-------- Data shown
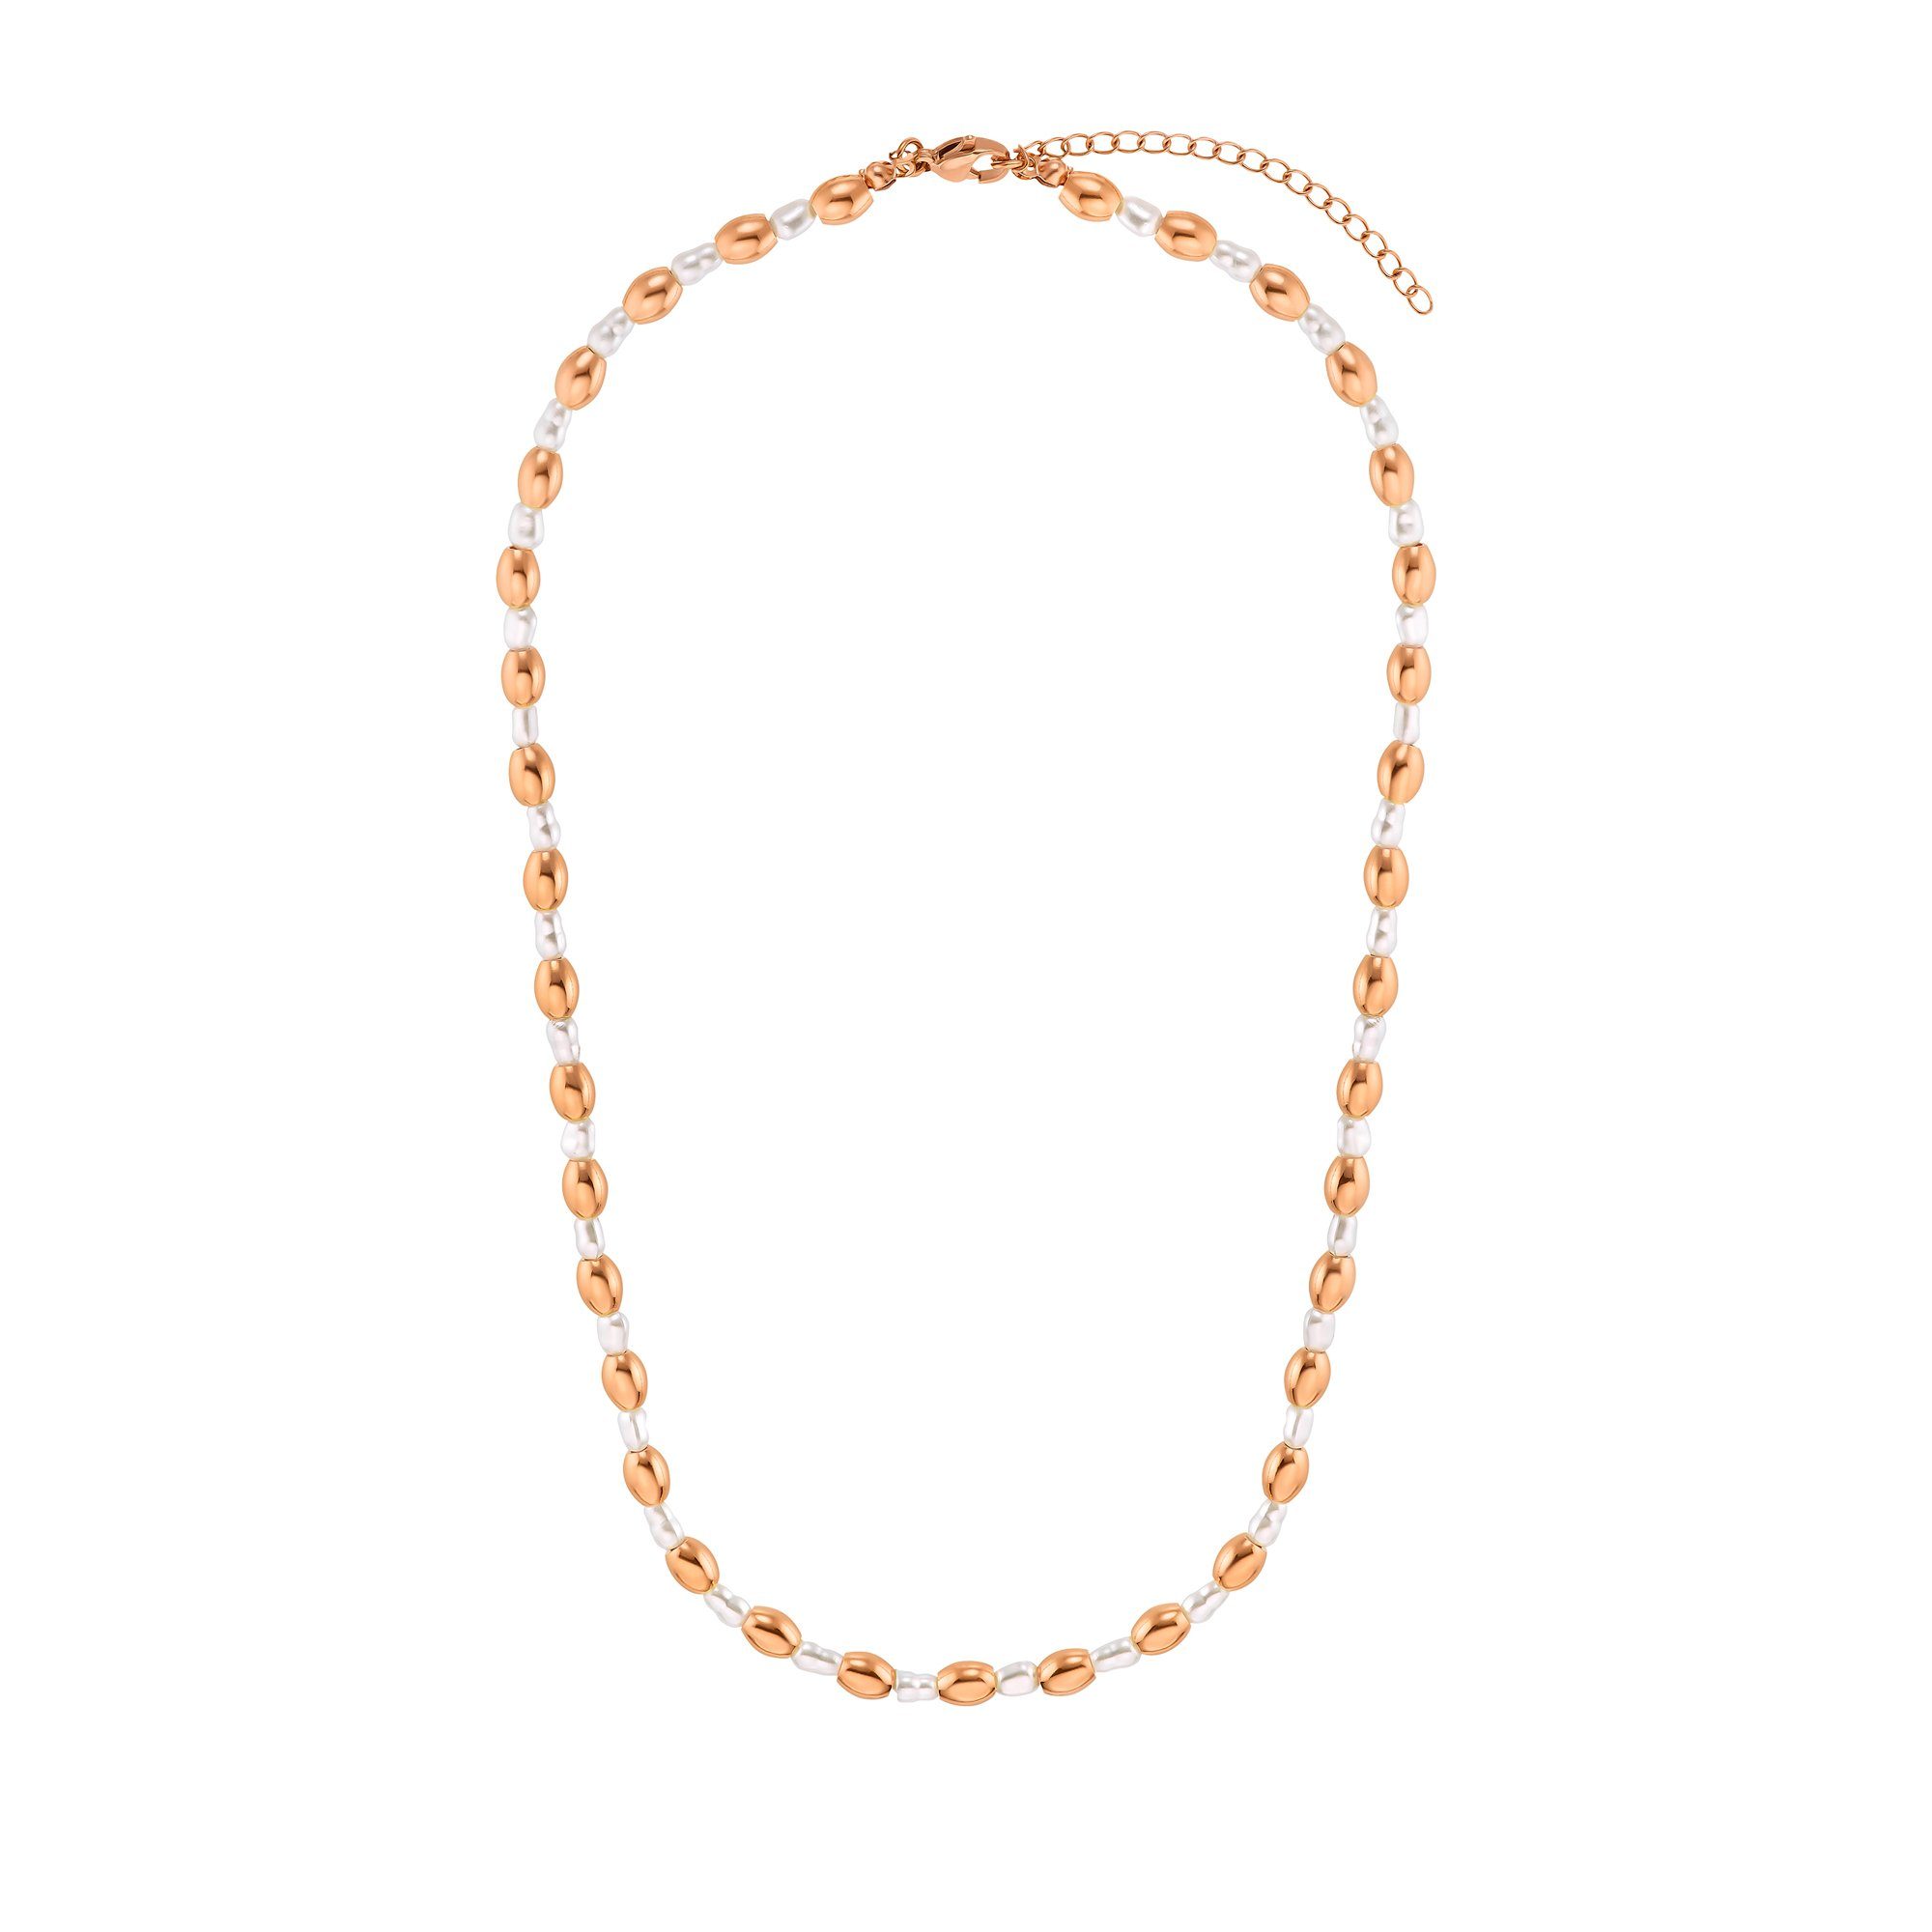 Heideman Collier Maya silberfarben poliert (inkl. Geschenkverpackung), Halskette mit ausgefallenen Perlen rosegoldfarben
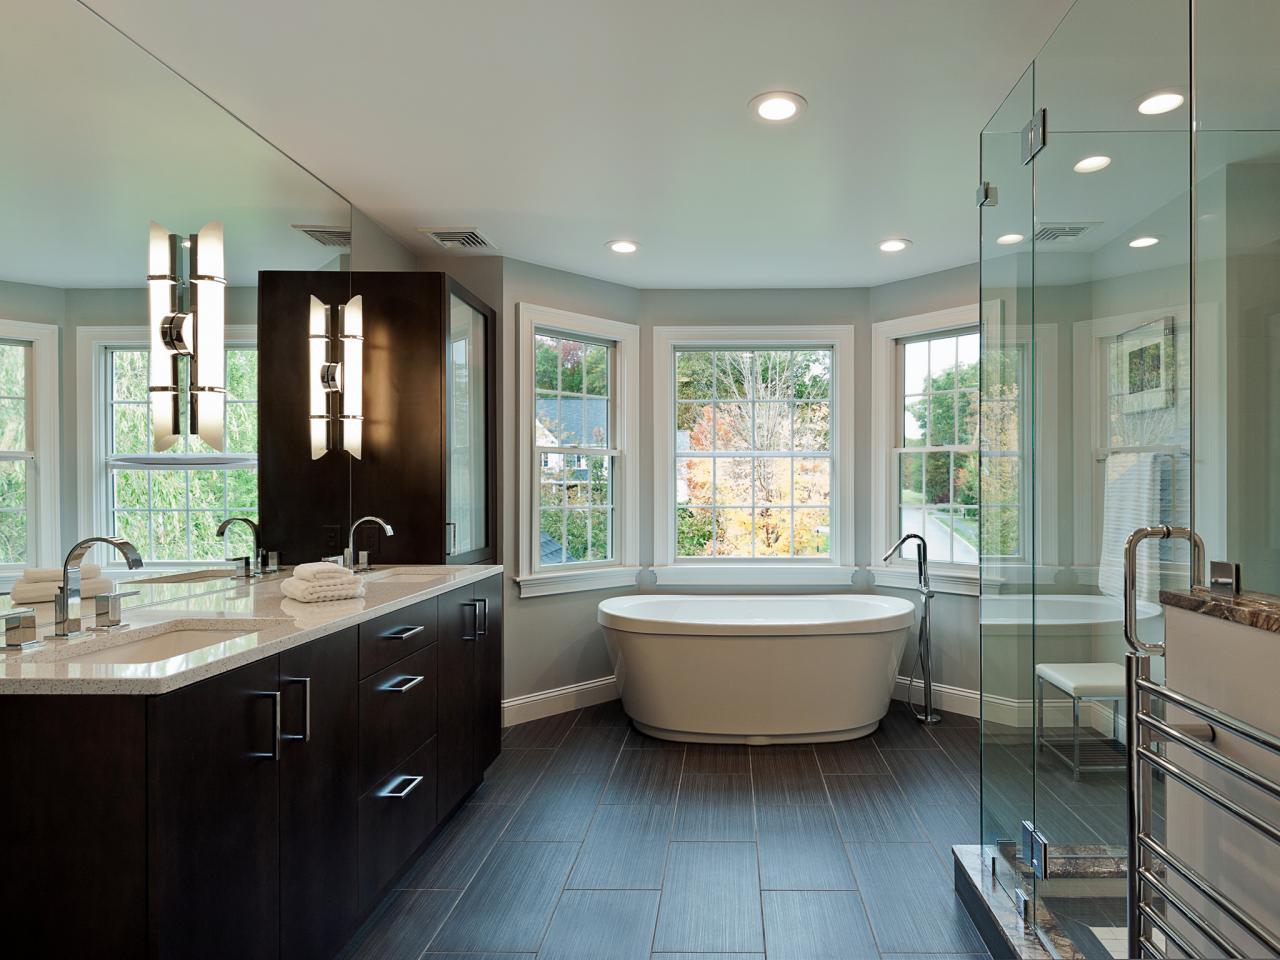 salle-de-bain-grande-spacieuse-original-magued-barsoum-meuble-bois-nature-luxe
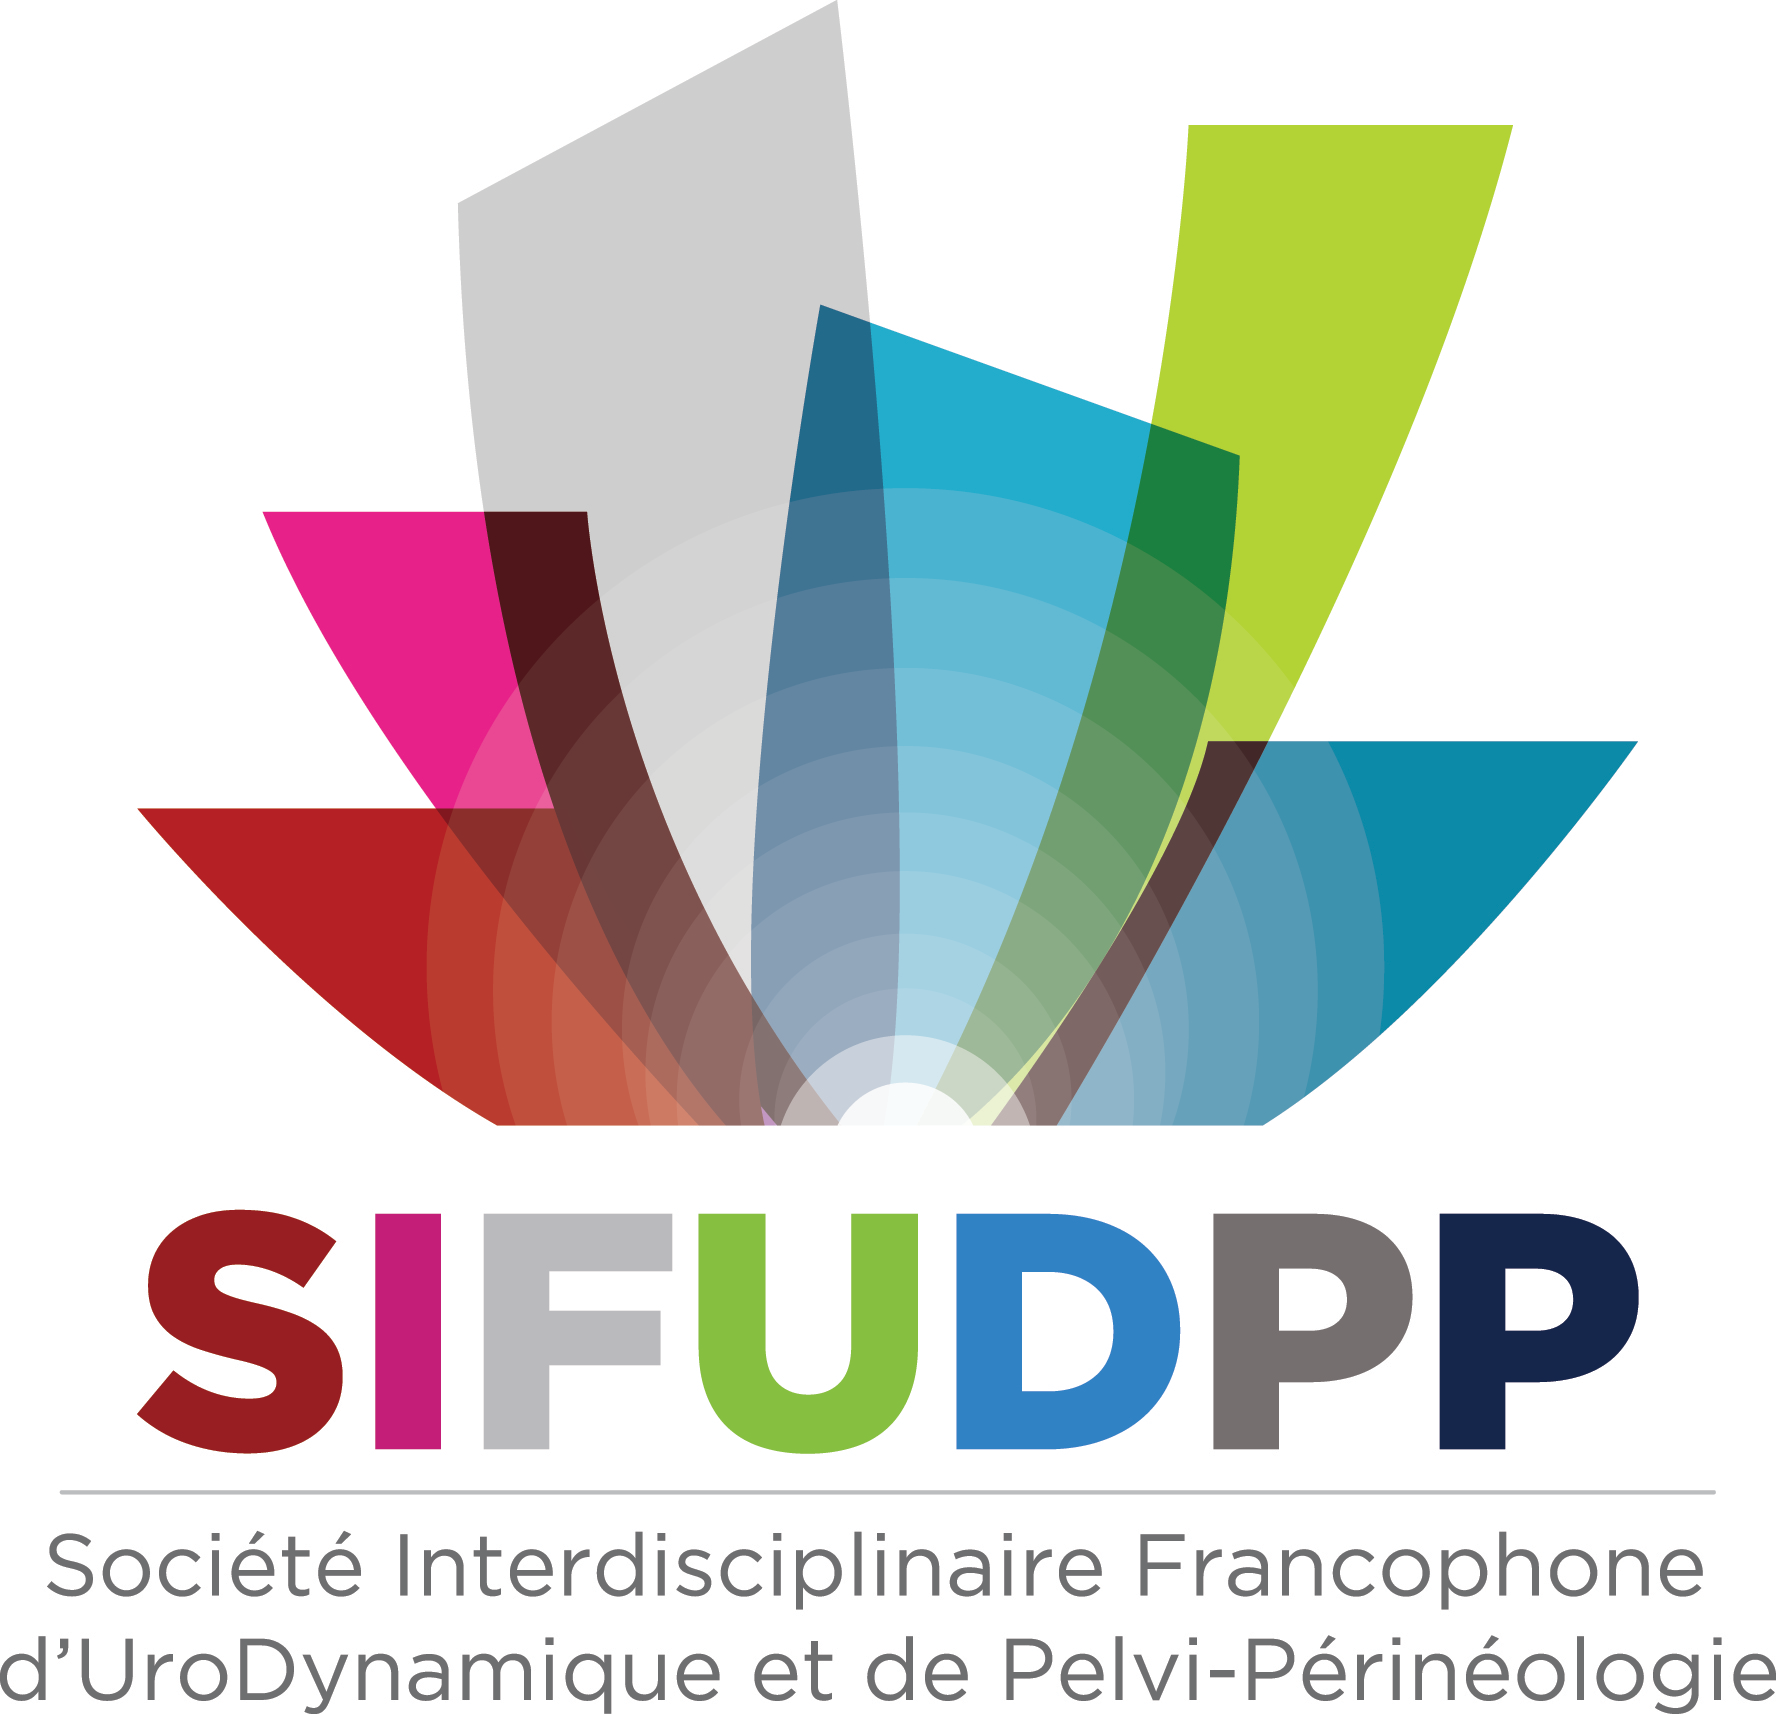 SIFUD-PP Paris 2016 : L’autosondage est-il limité de 7 à 77 ans ?
----------------
● Exercise
The data above must be written out again word for word, without its pictures.

● Solution to the problem
 Heideman Collier Maya silberfarben poliert (inkl. Geschenkverpackung), Halskette mit ausgefallenen Perlen rosegoldfarben
 salle-de-bain-grande-spacieuse-original-magued-barsoum-meuble-bois-nature-luxe
 SIFUD-PP Paris 2016 : L’autosondage est-il limité de 7 à 77 ans ?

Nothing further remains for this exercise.